GEOFFREY HINTON: One of the things I studied at university was physiology. I was excited by physiology because I wanted to learn how the brain worked. Toward the end of the course they told us how neurons send action potentials. There were experiments done on the giant squid axon, figuring out how an action potential propagated along an axon, and it turned out that was how the brain worked. It was rather disappointing to discover, however, that they didn’t have any kind of computational model of how things were represented or learned.
After that, I switched to psychology, thinking they would tell me how the brain worked, but this was at Cambridge, and at that time it was still recovering from behaviorism, so psychology was largely about rats in boxes. There was some cognitive psychology then but they were fairly non-computational, and I didn’t really get much sense
that they were ever going to figure out how the brain worked.
During the psychology course, I did a project on child development. I was looking at children between the ages of two and five, and how the way that they attend to different perceptual properties changes as they develop.

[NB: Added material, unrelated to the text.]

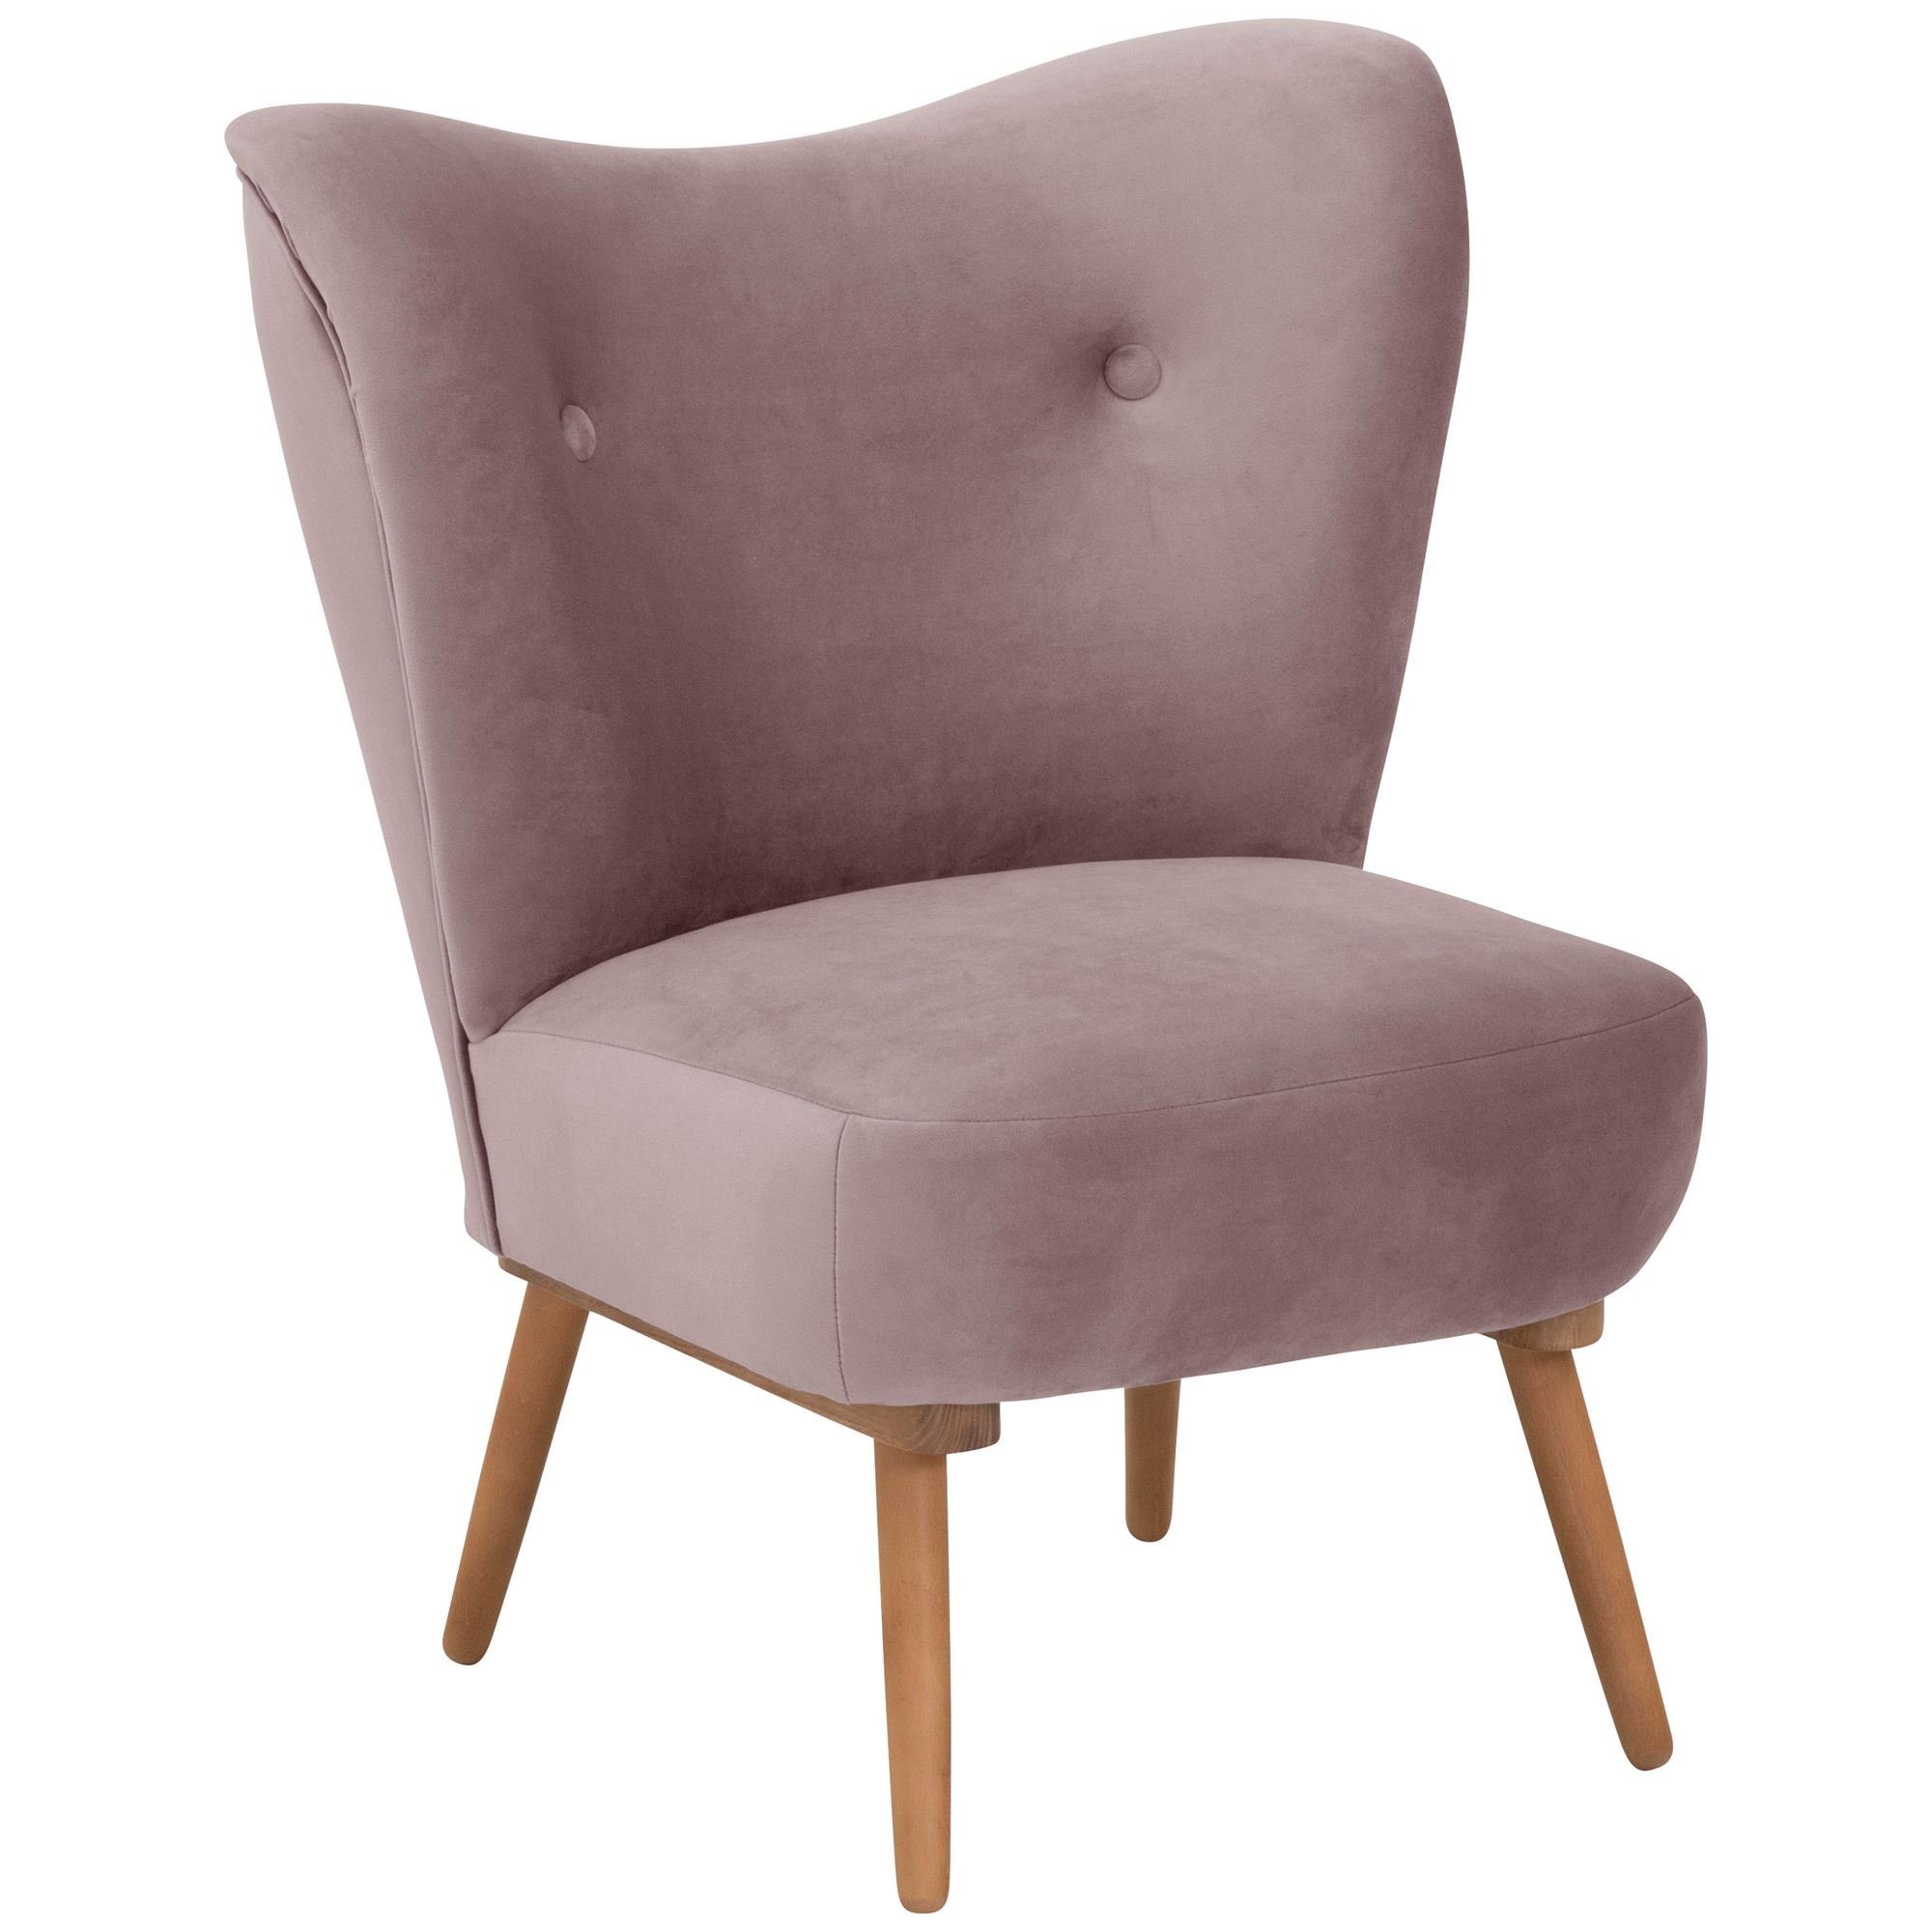 Versand, hochwertig Sessel Buche 23186 aufm Kostenlosem / 1-St), lackiert Bezug Sessel verarbeitet,bequemer Kaila Sitz inkl. rosé Samtvelours (Sparpreis erlefarbig 58 Kessel

The idea is that when they’re very young, they’re mainly interested in color and texture, but as they get older, they become more interested in shape. I conducted an experiment where I would show the children three objects, of which one was the odd one out, for example, two yellow circles and a red circle. I trained the children to point at the odd one out, something that even very young children can learn to do.
I’d also train them on two yellow triangles and one yellow circle, and then they’d have to point at the circle because that was the odd one out on shape. Once they’d been trained on simple examples where there was a clear odd one out, I would then give them a test example like a yellow triangle, a yellow circle, and a red circle. The idea was that if they were more interested in color than shape, then the odd one out would be the red circle, but if they were more interested in shape than color, then the odd one out would be the yellow triangle. That was all well and good, and for a couple of children, they pointed out either the yellow triangle that was a different shape or the red circle that was a different color. I remember, though, that when I first did the test with one bright five-year-old, he pointed at the red circle, and he said, “You’ve painted that one the wrong color.”
The model that I was trying to corroborate was a very dumb, vague model that said, “when they’re little, children attend more to color and as they get bigger, they attend more to shape.” It’s an incredibly primitive model that doesn’t say how anything works, it’s just a slight change in emphasis from color to shape. Then, I was confronted by this kid who looks at them and says, “You’ve painted that one the wrong color.” Here’s an information processing system that has learned what the task is from the training examples, and because he thinks there should be an odd one out, he realizes there isn’t a single odd one out, and that I must have made a mistake, and the mistake was probably that I painted that one the wrong color.